This work is part of the project Using web-content for the assessment of macroecological patterns in butterfly-hostplant associations at a global scale, one of the 2013 Rubenstein Research Fellowship Awards.
We are interested in developing the most efficient way to extract existing knowledge about interactions from the biological literature and the biological community and make it available in a useful fashion.
We will focus in herbivory, specifically in butterfly-hostplant association to illustrate the application of the protocol proposed by our research team.
Although butterflies might not be representative of the entire diversity of herbivorous insects, they are practically the only larger taxonomic group of plant-feeding insects for which, relatively exhaustive and reliable data on host plant affiliations exist. We think that the methods developed in here could be expanded to include other taxonomic groups and interaction types, as long as enough information is available.

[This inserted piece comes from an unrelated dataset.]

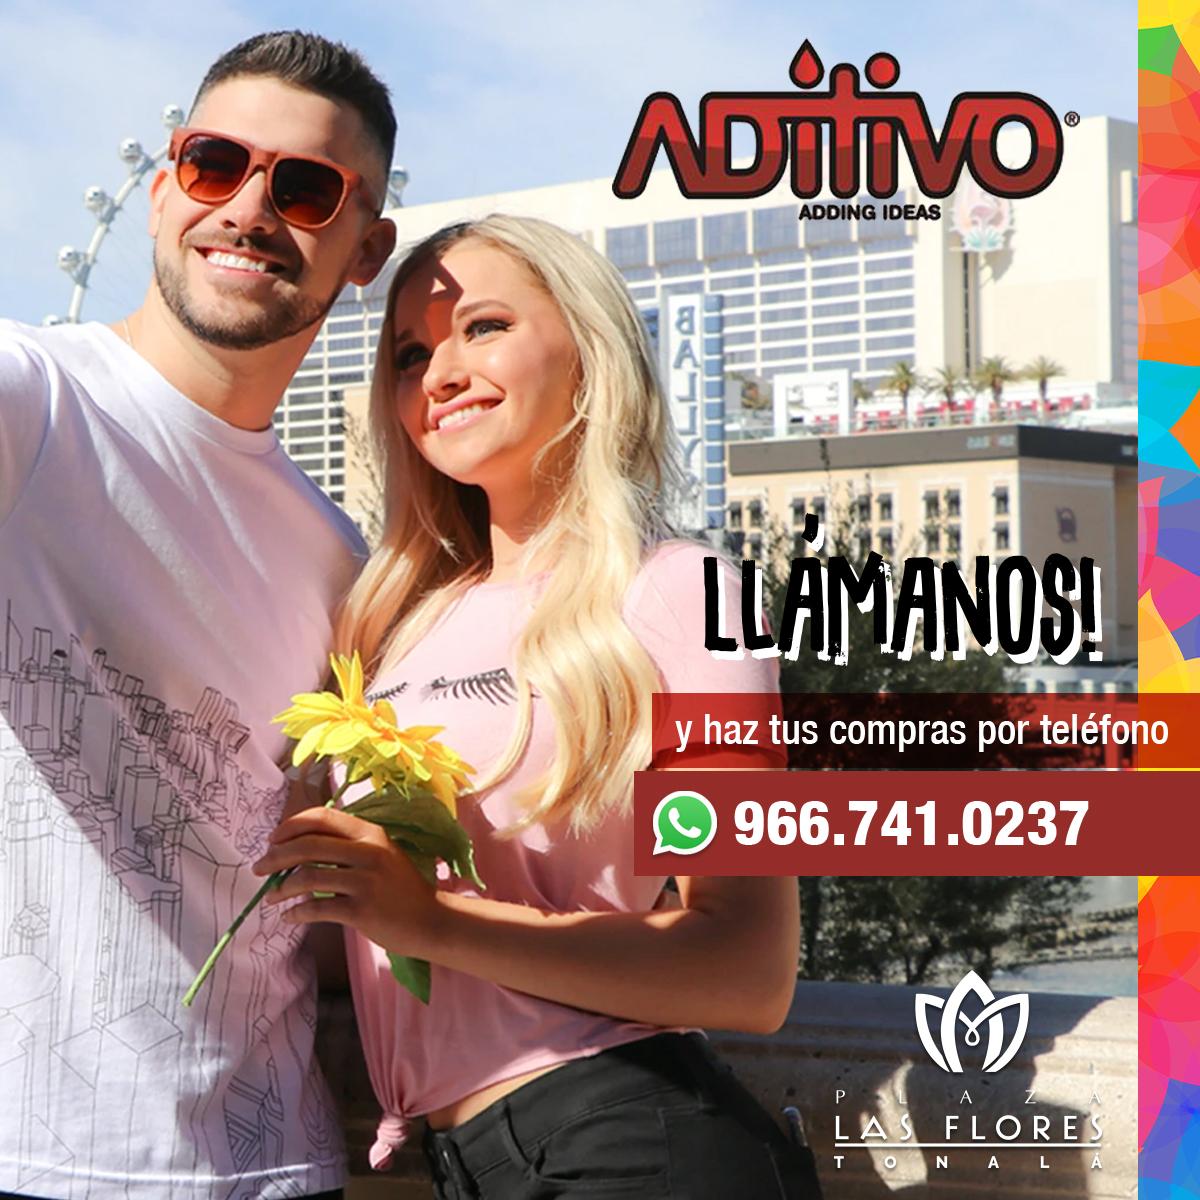 LasFlores-Telefonos-Aditivo copy

We will consider three superfamilies within the Lepidoptera:
- Papilionoidea (true butterflies).
- Hesperioidea (skippers).
- Hedyloidea (moth like butterflies).
We will use a tentative global checklist assembled by collating data from authoritative checklists and on-line resources.
For each butterfly species in the checklist we will search information in different sources. Next, we will use regular expression matching to select the text objects or files containing key words related with host plant association.
The selected text objects/files will be scanned for scientific names. The complete list of names will be evaluated to extract butterfly species and its synonyms, and to extract plant names (for herbivory associations), ant names (for ant associations), etc.
We will list all plant species, genera and family that have been recorded reliably as larval host plant. For species with valid host plant names we are going to fetch distribution information.